Выбрать главу

— Ну хорошо, — смилостивился Сагромах. — А про Кхассава тоже нельзя? — уточнил намеренно. — Он ведь тоже Яасдур.

Тут Бансабира ненадолго замолчала. Пятно государевой процессии вдалеке от чертога становилось все мельче и мельче, теряя в четкости краски, превращаясь в единую буроватую кляксу.

— Удивительно, что он так задержался. В прошлые годы, даже если очень хотел погостить, Кхассав никогда не оставался дольше, чем до моего дня рождения.

— Ну, по мне ничего удивительного, — объяснил Сагромах. — Во-первых, путешествовать даже в первый день весны намного теплее, чем зимой, а Кхассав, несмотря на все свои многочисленные достоинства, все же южанин.

— А во-вторых — дело в походе? — разумно предположила танша.

— А во-вторых, дело в походе, — тан подтвердил. — Мирасс лежит за Ласковым морем и ждет, чтобы быть съеденным.

— Давно пора немного встряхнуться. Раду, наверное, будет счастлив.

— И еще Дан Смелый.

— Дан Наглый, ты хочешь сказать? — посмеялась Бансабира.

— Без разницы, — честно произнес Сагромах. — Самое главное, чтобы от этого похода счастливее стала ты.

— Насчет счастья пока не скажу, но, наверное, стану спокойнее, когда он закончится.

— О, ну да, — Маатхас тут же изменился в интонациях, — особенно если вспомнить, что Кхассав пообещал нам какой-то там необыкновенный подарок по случаю нашего полного согласия предоставить ему сто кораблей, кучу золота и двенадцать тысяч северян под единым знаменем. Уверен, мы получим его, как только приедем в Гавань Теней.

— Думаешь, он правда видит в нас союзников? — недоверчиво спросила танша.

Сагромах хмыкнул:

— А ты по-прежнему осторожна во всем, что касается отношений, — он поплотнее сжал Бансабиру в кольце рук. — Я думаю, Кхассав если не верит, то хотя бы надеется, что мы друзья.
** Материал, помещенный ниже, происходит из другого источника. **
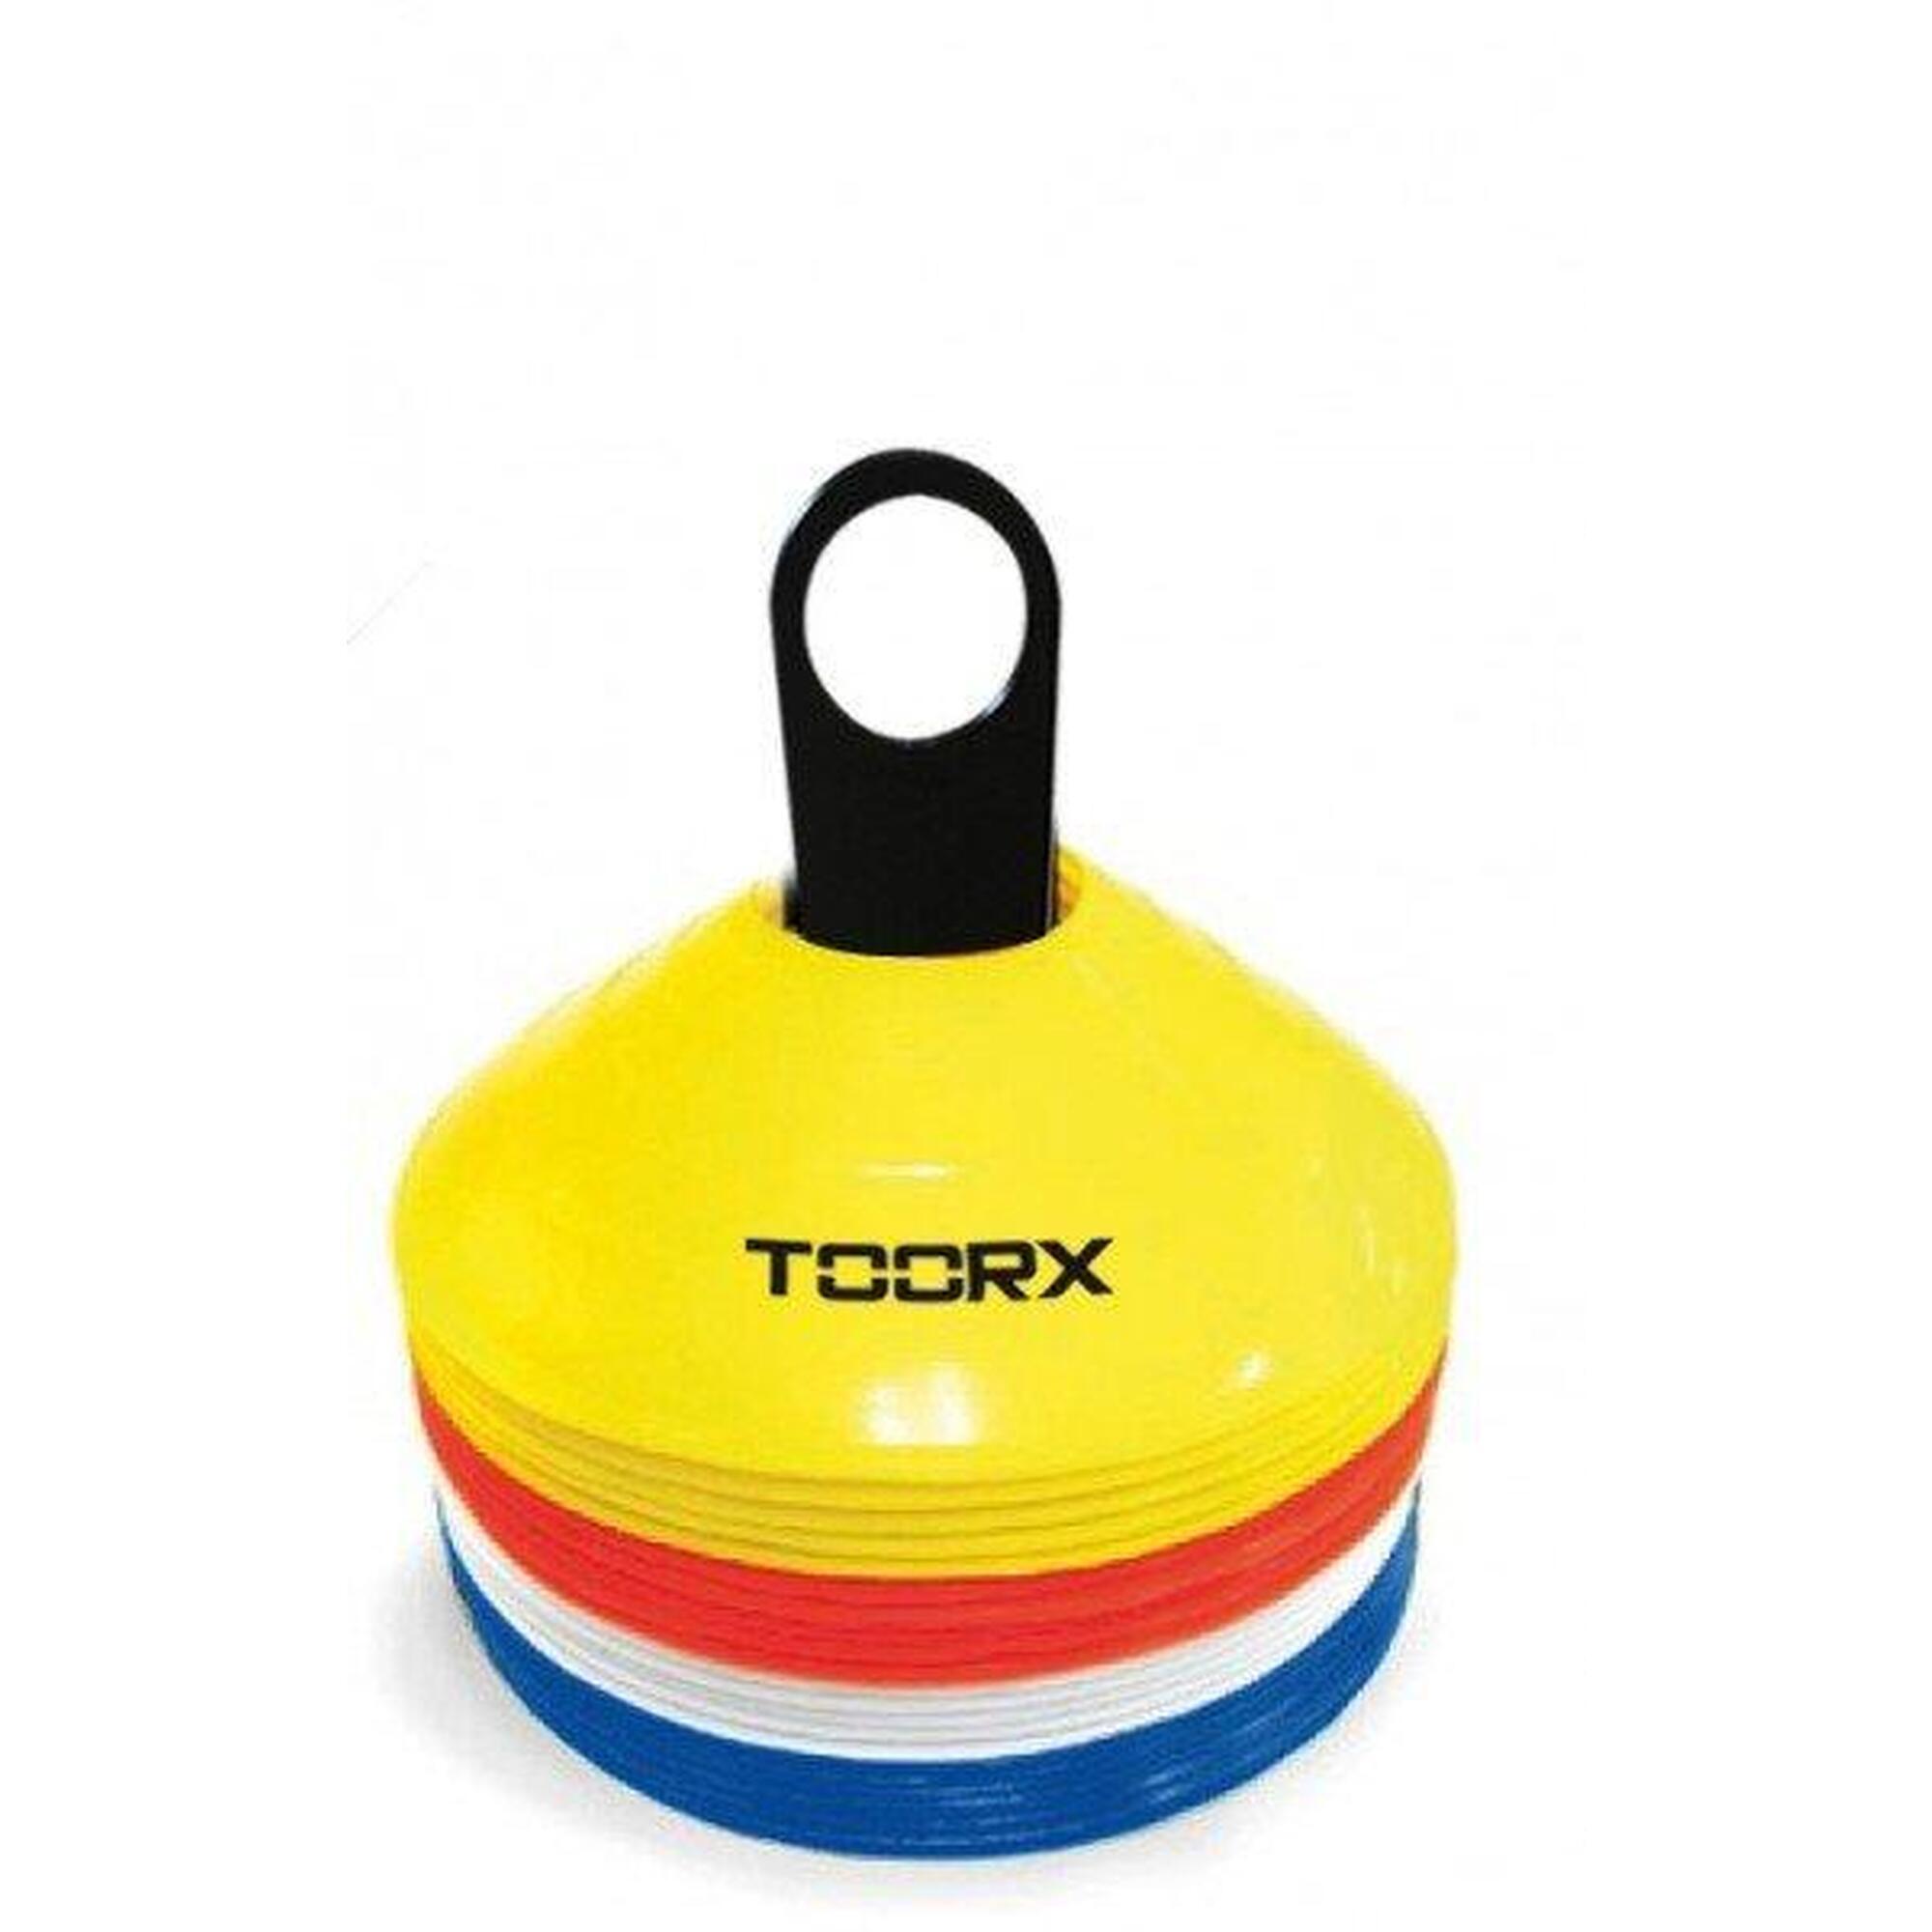 Toorx Agility Cones Set van 24 stuks - met rek - Geel/Rood/Wit/Blauw

Такое откровение для Бансабиры было непростым, пусть и очевидным. Сагромах не торопил: он как никто знал, как много Бану нужно времени, чтобы признать, что тот или иной человек прочно занял свое место — какое бы то ни было теплое место — в её необъятном сердце.

— Ну и еще ему кажется важным заручиться нашим расположением, чтобы после похода и дальше приезжать на китобой и спать с северными островитянками, — посмеялся Сагромах. — Тебе не кажется, что они с Даном где-то сильно похожи?

— Кажется? — изумилась Бансабира. — Да только титул Кхассава не дает мне в обращении к нему раз за разом говорить: «Кхассав Беспримерный Юбочник».

— Что ни говори, а пока единственным его утвержденным прозвищем было Хас Терпеливый.

— Единственным и абсолютно абсурдным, — вынесла авторитетное заключение Бансабира с совершенно непрошибаемым спокойствием в лице.

Сагромах не удержался и от души рассмеялся. Втянул полные легкие воздуха — не свежего и морозного, а того, особенного, который исходил ароматом от женской кожи. Обхватывая Бансабиру со спины, поймал полы лазурного плаща с узором из серебристых нитей, отчего ткань казалась переливающейся, как волшебный ручей. Плотнее запахнул их вокруг женской фигуры — вернувшей за несколько лет после родов давно привычную воинскую подтянутость и жилистость очертаний.

Хороший вышел плащ: и этот, и другой — такой же, только легкий, летний. Едва ли кто-нибудь когда-нибудь просил женщину стать его женой, делая предложение плащами и кораблем.

— Я говорил тебе сегодня, как люблю тебя? — спросил Сагромах на всякий случай, перебирая в памяти трогательные воспоминания.

— Даже если говорил, я хочу послушать еще.

— Тогда, — Сагромах вдруг напружинился, отстранился на дюйм, поймал Бану за плечи и легким жестом развернул к себе лицом, — раз я уже говорил сегодня, то теперь — только после тебя.

А далее Бансабира оглядела мужа: черная густая копна щедро серебрилась отдельными прядями, а вокруг глаз от улыбки собиралось больше морщин, чем когда-либо раньше. Но это по-прежнему были глаза, в которых она отогревалась шестнадцатилетней девчонкой: живые, яркие, с доброй насмешкой для всего мира и с неподдельной заботой для неё одной. Бансабира улыбнулась в ответ — широко и открыто. Ну разве можно ему отказать?